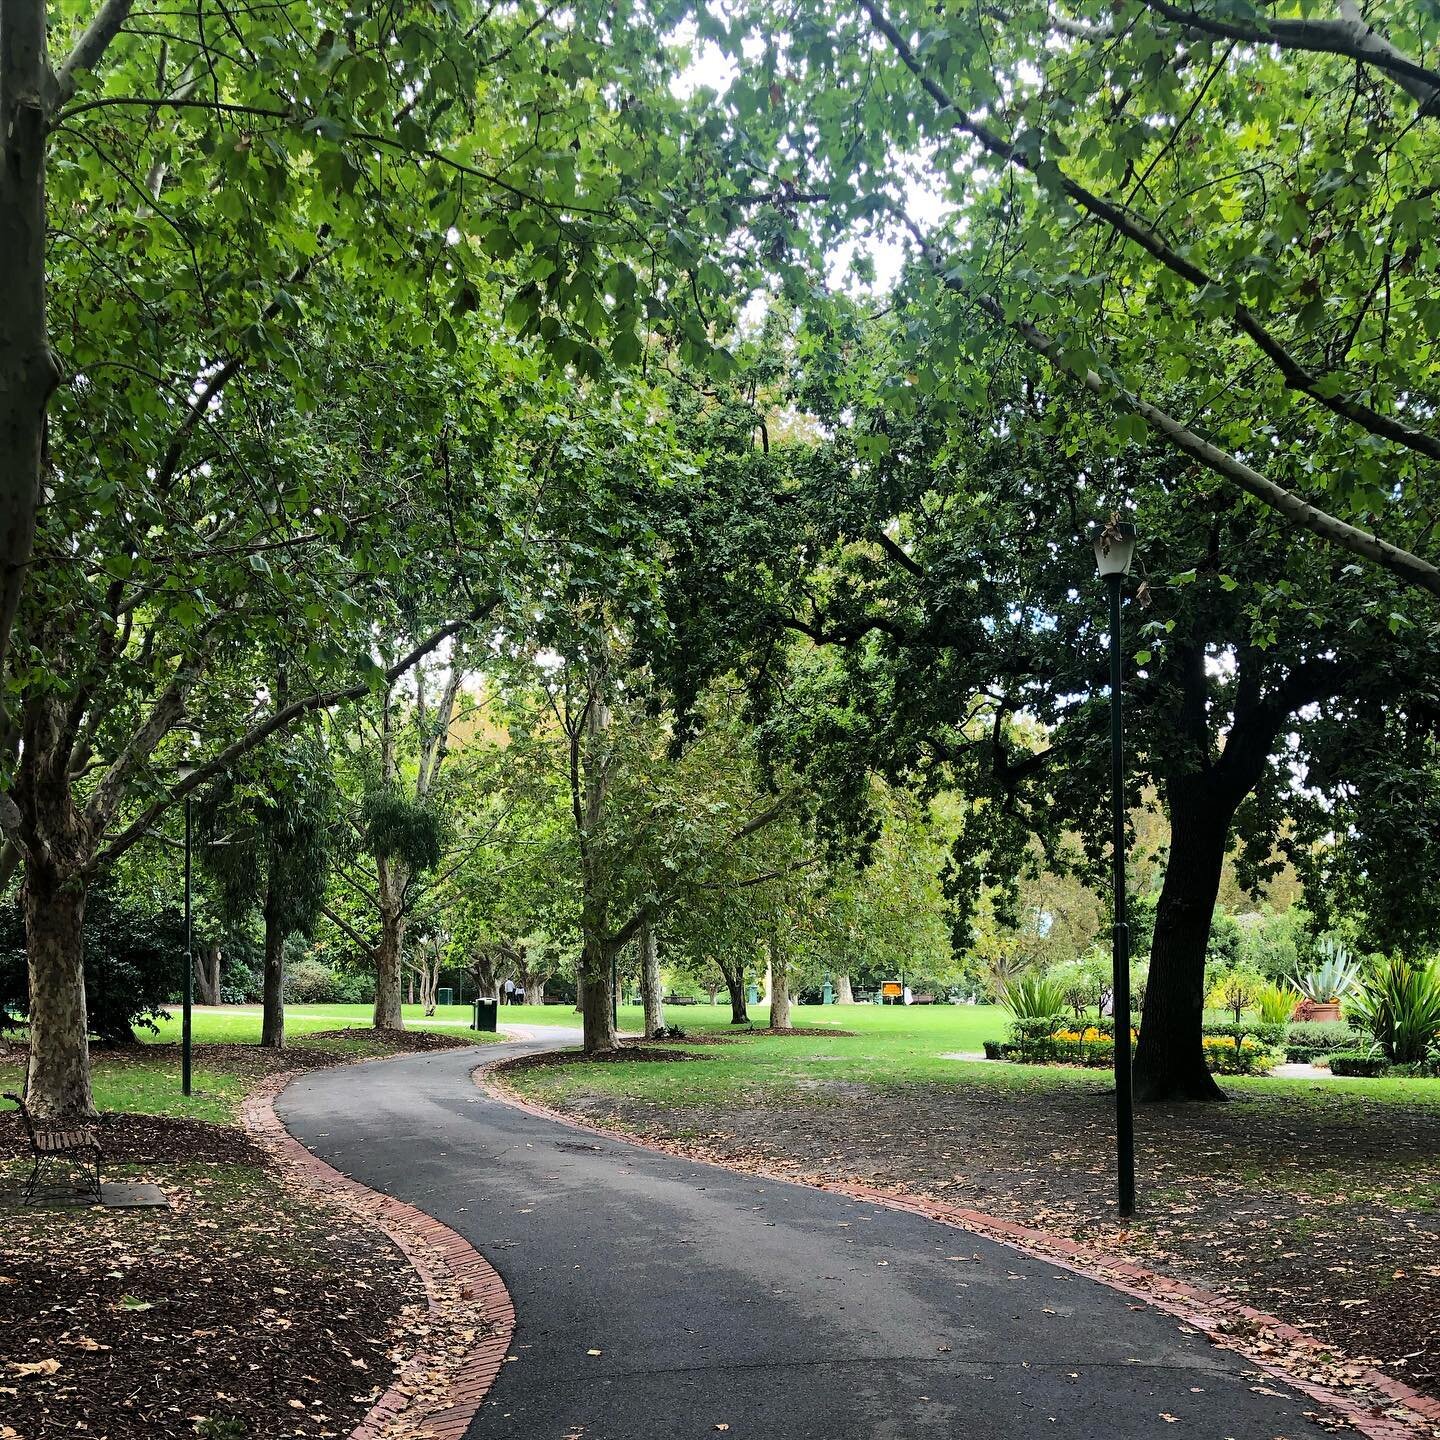 Getting in my daily nature time on the way back from the post office.
.
The current lockdown is likely impacting your capacity to engage with nature, particularly if you live in an apartment. Spending time in nature has a range of health benefits:
-

Exercise brief: Everything in the data except the pictures must appear in your answer unchanged.

Task output:
 Getting in my daily nature time on the way back from the post office.
.
The current lockdown is likely impacting your capacity to engage with nature, particularly if you live in an apartment. Spending time in nature has a range of health benefits:
-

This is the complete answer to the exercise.